About the rumor, the governor quipped, “Well, that assumes facts not in evidence.” If the governor does not act on a bill within five days (including Saturdays) of receiving, it becomes law.

Lawmaker: 1 Provision Is Unconstitutional

Sen. Bill Brotherton, D-14, an attorney who opposes the bill, says the expert witness provision is unconstitutional because the state Supreme Court establishes rules of evidence and procedures, not the Legislature.

“It’s a question of separation of powers because typically the courts control what type of evidence goes in front of not only judges but juries and the qualifications of experts,” he said.

Mr. Brotherton said expert physician witnesses in malpractice cases often come from out-of-state because Arizona physicians are reluctant to testify against fellow physicians for fear they will lose referrals.

The Arizona Trial Lawyers Association opposed the bill, although it supports the apology provision, which states a physician or other health care provider may apologize for an unanticipated outcome — even admit to a mistake — without it being considered an admission of guilt or liability in civil court.

Half of the Democrats in the Legislature voted against the bill.

“This will do nothing to affect malpractice premiums,” which is the problem we should be addressing, said Rep. Phil Lopes, D-27. “It seems like anything will do, even if it will do nothing. People are fixed on tort reform.”

Mr. Lopes said options other than tort reform are necessary to stem the rising costs of medical malpractice insurance, including insurance reform, more vigorous application of a recent law to screen out frivolous lawsuits, establishment of another malpractice insurance provider, and even state subsidies for malpractice insurance carriers.

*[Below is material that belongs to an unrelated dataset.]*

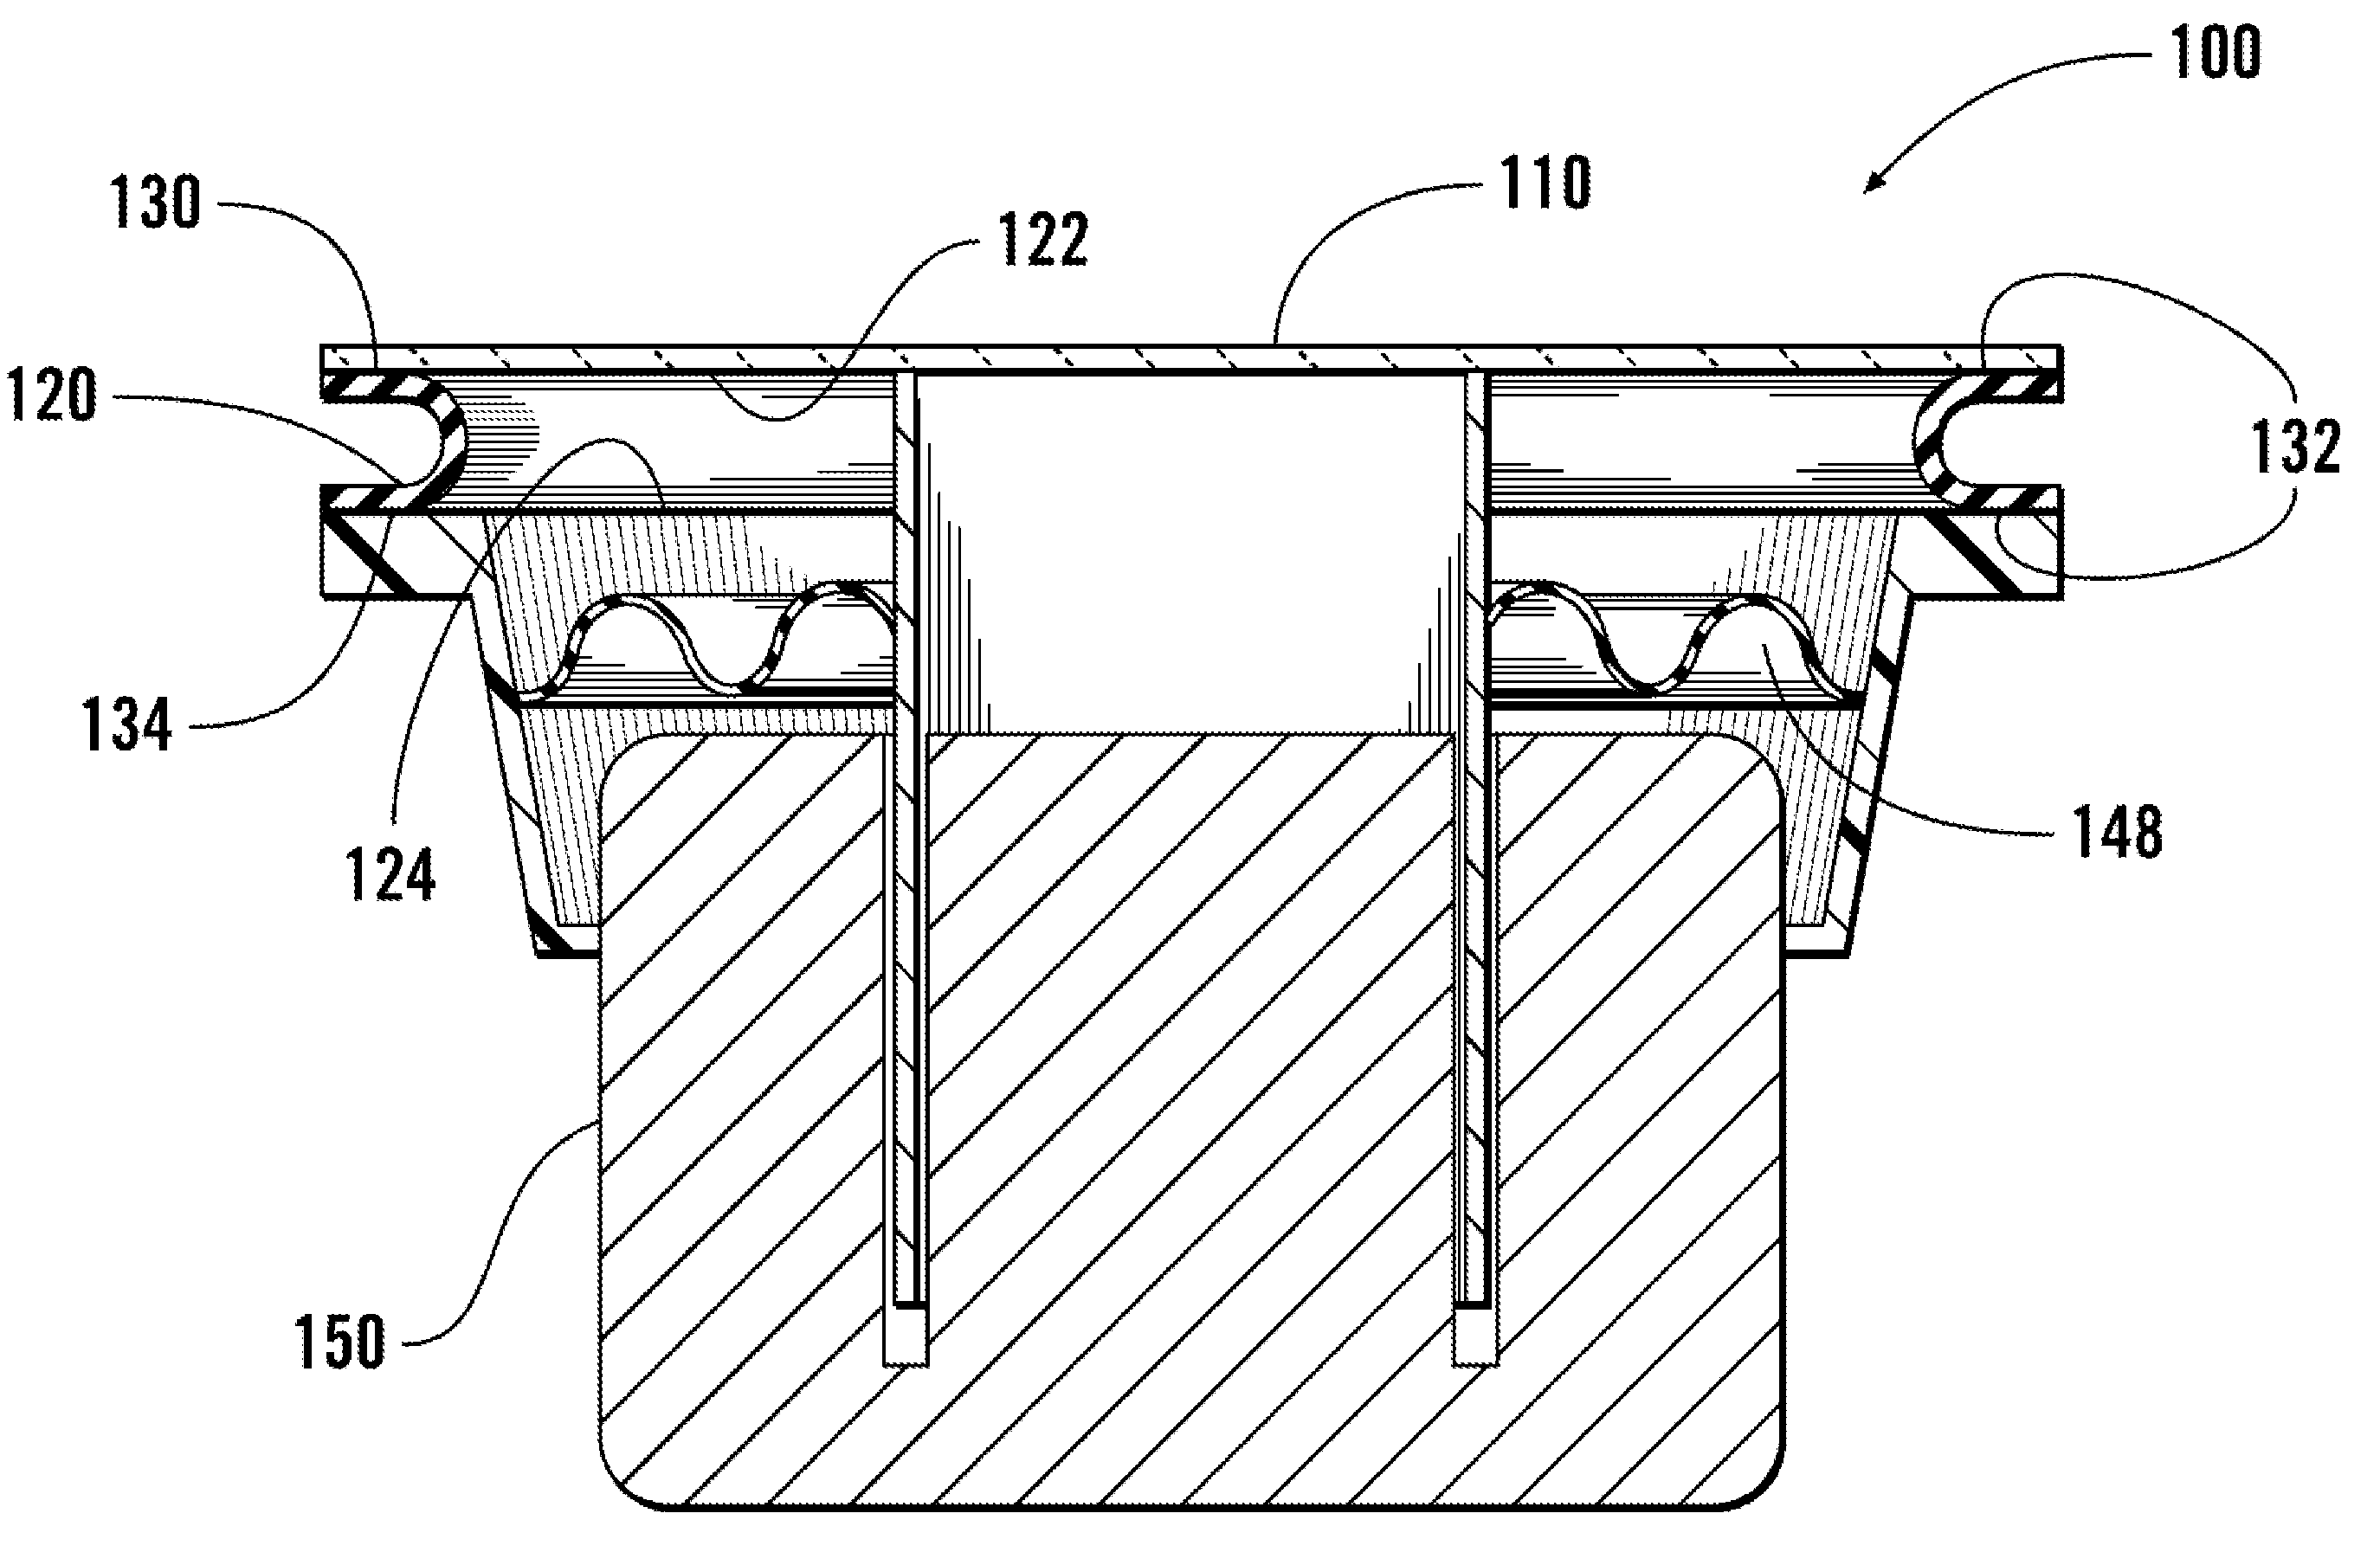 Loudspeaker with rear surround support

“The Legislature has a role here,” he said. “Everything needs to be on the table.” Steps should be taken, he said, to stem conflicts between doctors and lawyers.

Mr. Lopes said full disclosure of medical errors in hospitals as required by the Joint Commission on Accreditation of Healthcare Organizations is “not discoverable,” meaning it cannot be used in a lawsuit.

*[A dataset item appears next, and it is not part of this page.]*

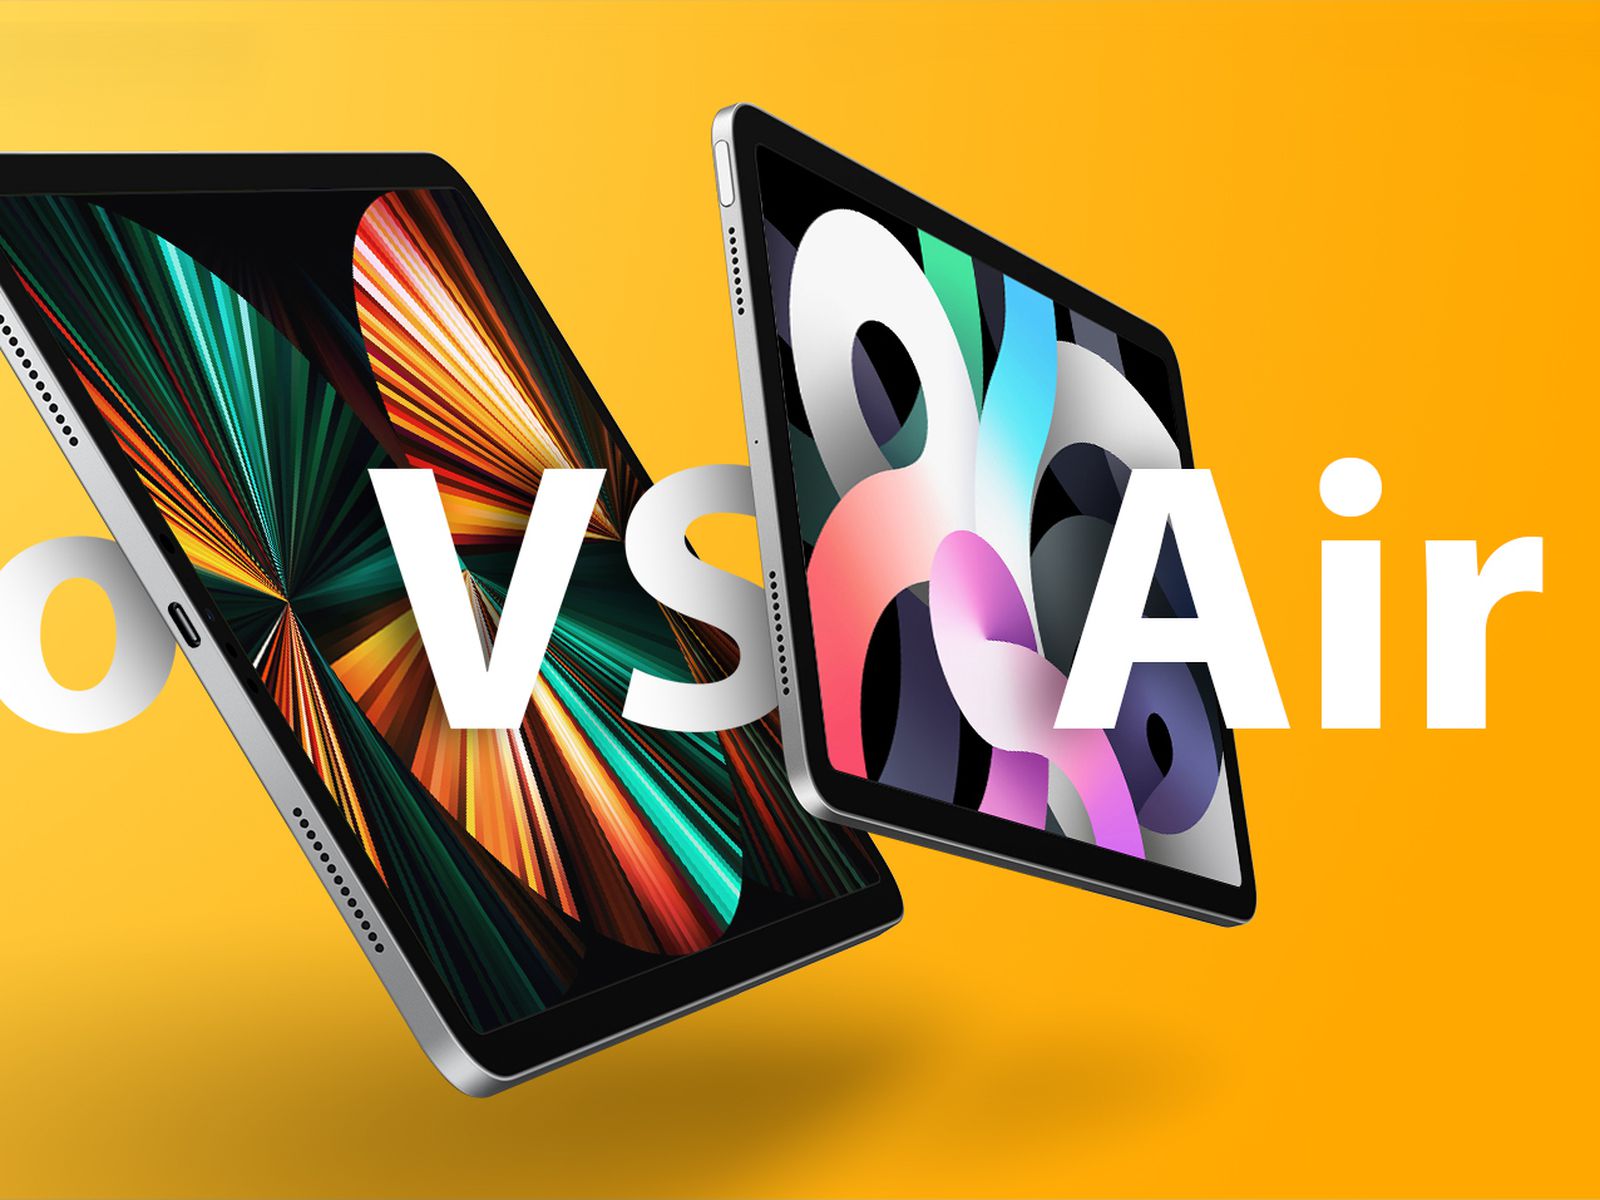 Ipad pro m1 vs ipad air in which shop can you buy the following

Andrea Smiley, a spokeswoman for the Arizona Medical Association, says the I’m sorry provision will not have an immediate effect on malpractice insurance rates, but “in time, it will.” She said the apology measure would improve the doctor-patient relationship.

Colorado, Georgia, Minnesota and Illinois have enacted I’m Sorry laws, but Doug Wojcieszak, founder of the Illinois-based “Sorry Works! Coalition” says he encourages states to expand those laws to include steps beyond an apology, including an offer for compensation. His group recommends that:

• Hospitals and physicians review every adverse incident.

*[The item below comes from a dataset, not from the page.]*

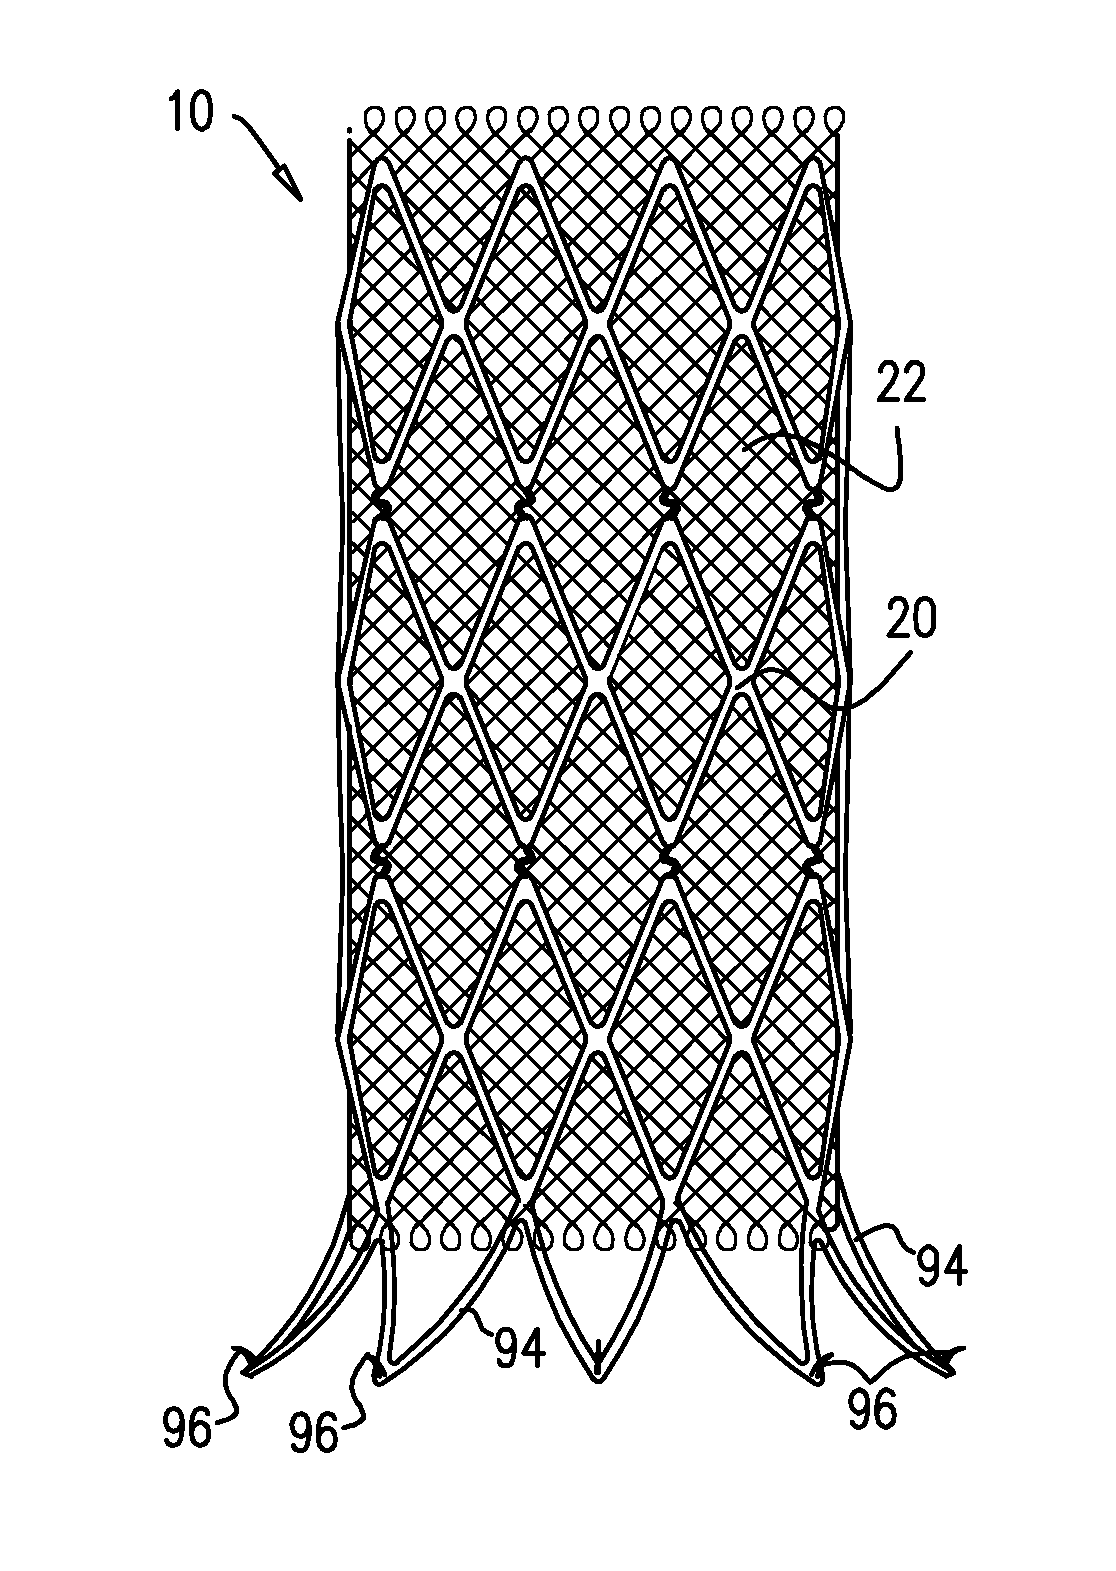 Double-layer stent

• Hospital administrators and physicians sit down with patients and families to explain what happened.

• The hospital and doctor apologize if a mistake were made and offer the patient or family fair compensation if a medical investigation found there was an error.

• They explain how the problem will be corrected.

If there was not an error, the patient and family are extended an expression of sympathy.

Mr. Wojcieszak told Arizona Capitol Times that I’m sorry laws should provide an option that an apology could be admissible in a trial if the defendant wanted it in evidence.

“If it comes to court, the doctor would look good” for apologizing, he said.

David Patton, a plaintiff medical malpractice attorney in Scottsdale, told amednews.com, an Internet publication for physicians, that many of his clients are simply searching for answers to what went wrong in their medical cases.

Mr. Wojcieszak added, “So many lawyers tell their doctors not to talk.”

Carol Houk, a consultant who assists 28 public and private hospitals, clinics and surgi-centers deal with medical errors and adverse outcomes, says her four-step program, HealthCare Ombudsman/Mediator, has reduced damage claims against her clients to nearly nothing.

She says she trains physicians and other health care professionals to first apologize, then explain what happened, what will be done to fix the problem and, when warranted, offer compensation early.

Ms. Houk said of 500 cases handled under her program at the National Naval Medical Center, no compensation was sought, and only 1 per cent of 3,200 cases in private facilities resulted in compensation.